Reliance is reassessing Jio Platforms' planned $4 billion IPO as the US-Iran conflict weighs on oil prices, valuations and market mood.

KP
Krisha Patel
· 5 min read
Reliance slows Jio IPO review as war rattles markets
Photo: Swastik Arora · pexels

A ₹33,000 crore share sale sounds like a banker’s dream. But even India’s biggest corporate houses cannot ignore war, oil, and nervous markets.

Mukesh Ambani wanted Jio Platforms to enter the stock market in the first half of this year. That timeline now looks less certain.

Reliance Industries has slowed work on Jio’s planned initial public offering, people aware of the talks said. The company has not dropped the plan. But it is reviewing the deal structure as the US-Iran conflict rattles markets.

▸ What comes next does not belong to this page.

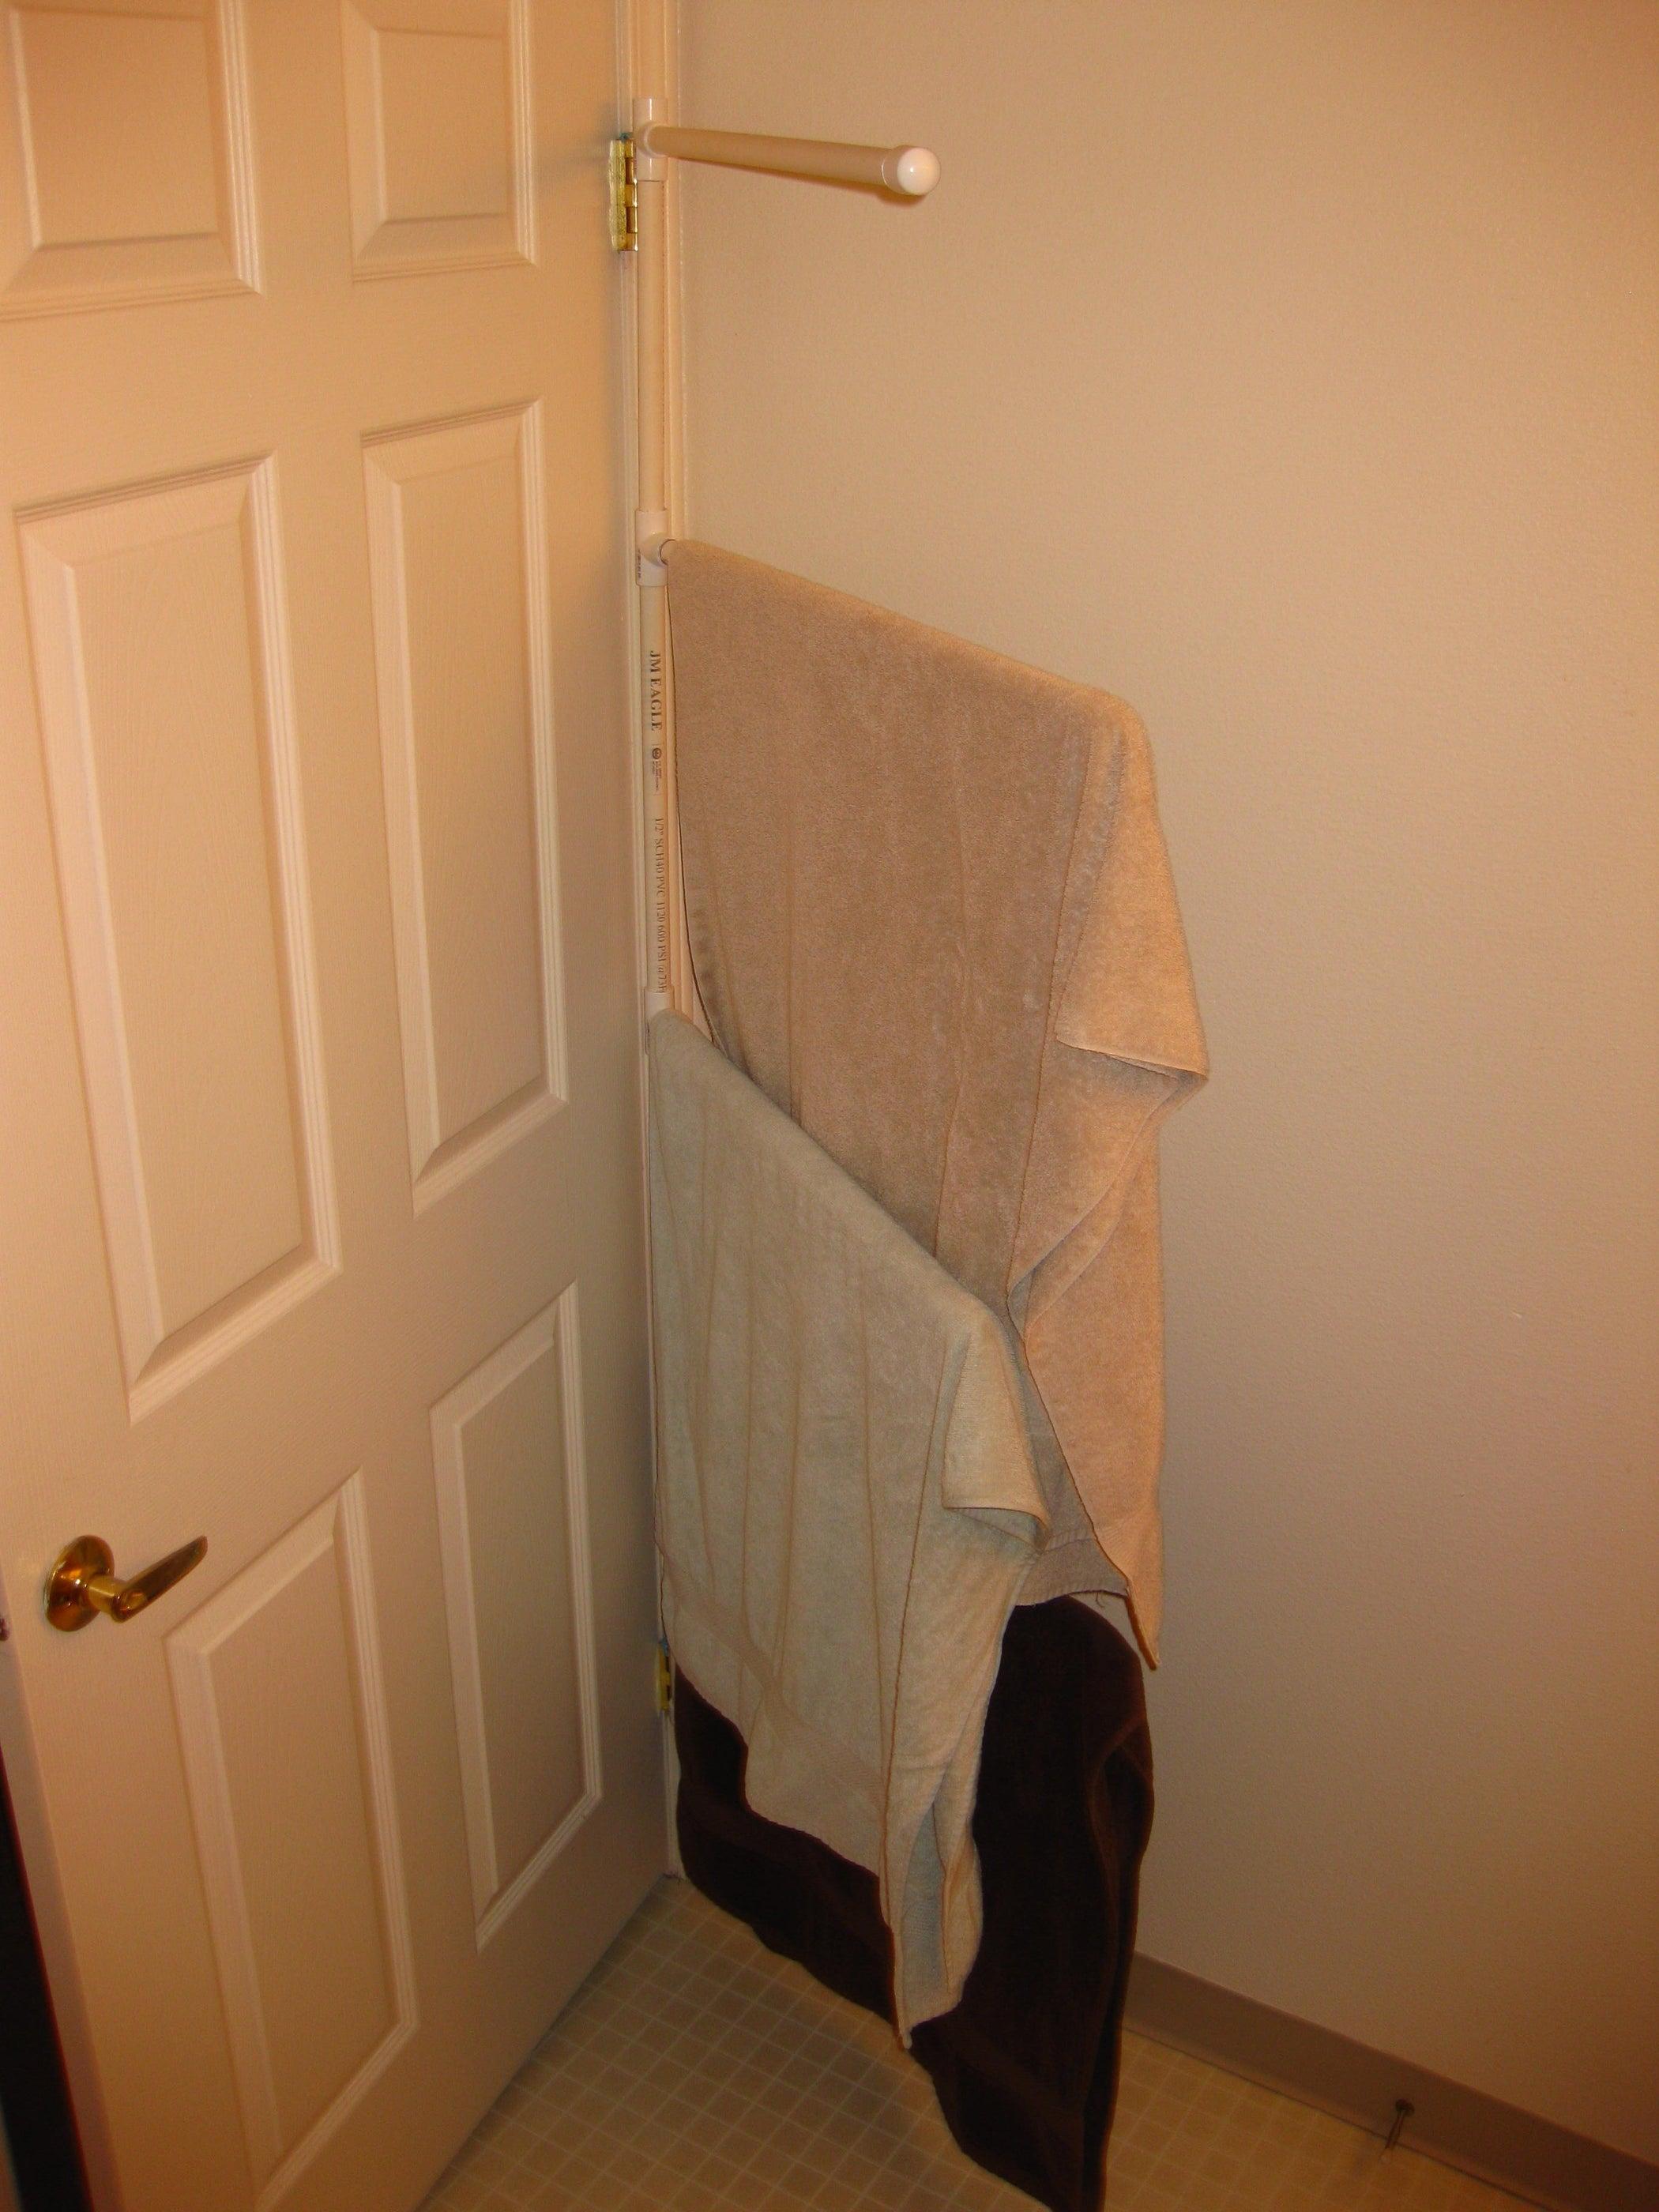 How To Make A Pvc Towel Rack

Jio’s market timing problem

The Jio IPO could raise as much as $4 billion. In Indian money, that is roughly ₹33,000 crore at recent exchange rates.

That would make it India’s largest-ever listing. Hyundai Motor India raised about $3.3 billion earlier, which works out near ₹27,000 crore.

For ordinary investors, this is not just a rich-company story. A Jio listing would give retail investors a chance to buy into India’s biggest telecom and digital platform play.

But IPOs need mood as much as maths. When markets feel weak, even good companies find it harder to command premium valuations.

The Bombay Stock Exchange’s Sensex and the National Stock Exchange’s Nifty 50 act like the market’s pulse. When that pulse weakens, investors demand cheaper prices.

That is the heart of Reliance’s problem. Existing investors want strong returns. New investors want enough upside after listing.

Both sides cannot easily be satisfied when markets are shaky.

War, oil, and foreign money

The US-Iran conflict has complicated the Jio IPO in several ways.

First, it has made global investors more cautious. Big funds usually slow decisions when oil prices rise and money starts leaving emerging markets.

Second, it has hit India’s macro picture. India imports most of its crude oil. When oil becomes costlier, India’s import bill rises.

That matters for the rupee, fuel prices, inflation, and government finances. It also affects foreign investors who track India’s risk closely.

Prime Minister Narendra Modi has appealed to citizens to cut fuel use and reduce foreign travel. That tells you the worry has moved beyond market desks.

For a middle-class family, this can show up quietly. Petrol costs rise. Air tickets become dearer. Imported goods get pricier. Monthly budgets tighten.

For investors, the message is simpler. If oil rises sharply, Indian equities usually face pressure.

That does not mean every stock falls. But it makes big IPO pricing much more delicate.

Valuation is the real fight

Jio’s biggest challenge is not whether investors know the brand. They do.

The real question is price.

Jio has changed India’s telecom business over the past decade. It pushed cheap data, forced consolidation, and turned mobile internet into a mass habit.

But public markets ask a cold question. How much future growth is already priced in?

People aware of the discussions said market weakness raises the risk of Jio being valued below Bharti Airtel. That would be awkward for Reliance.

Airtel is Jio’s main listed rival. Investors can already buy Airtel shares and judge its profits, debt, tariffs, and subscriber quality.

Jio, as a newly listed company, would need to offer a story stronger than just scale. It must show a clear path from users to cash flows.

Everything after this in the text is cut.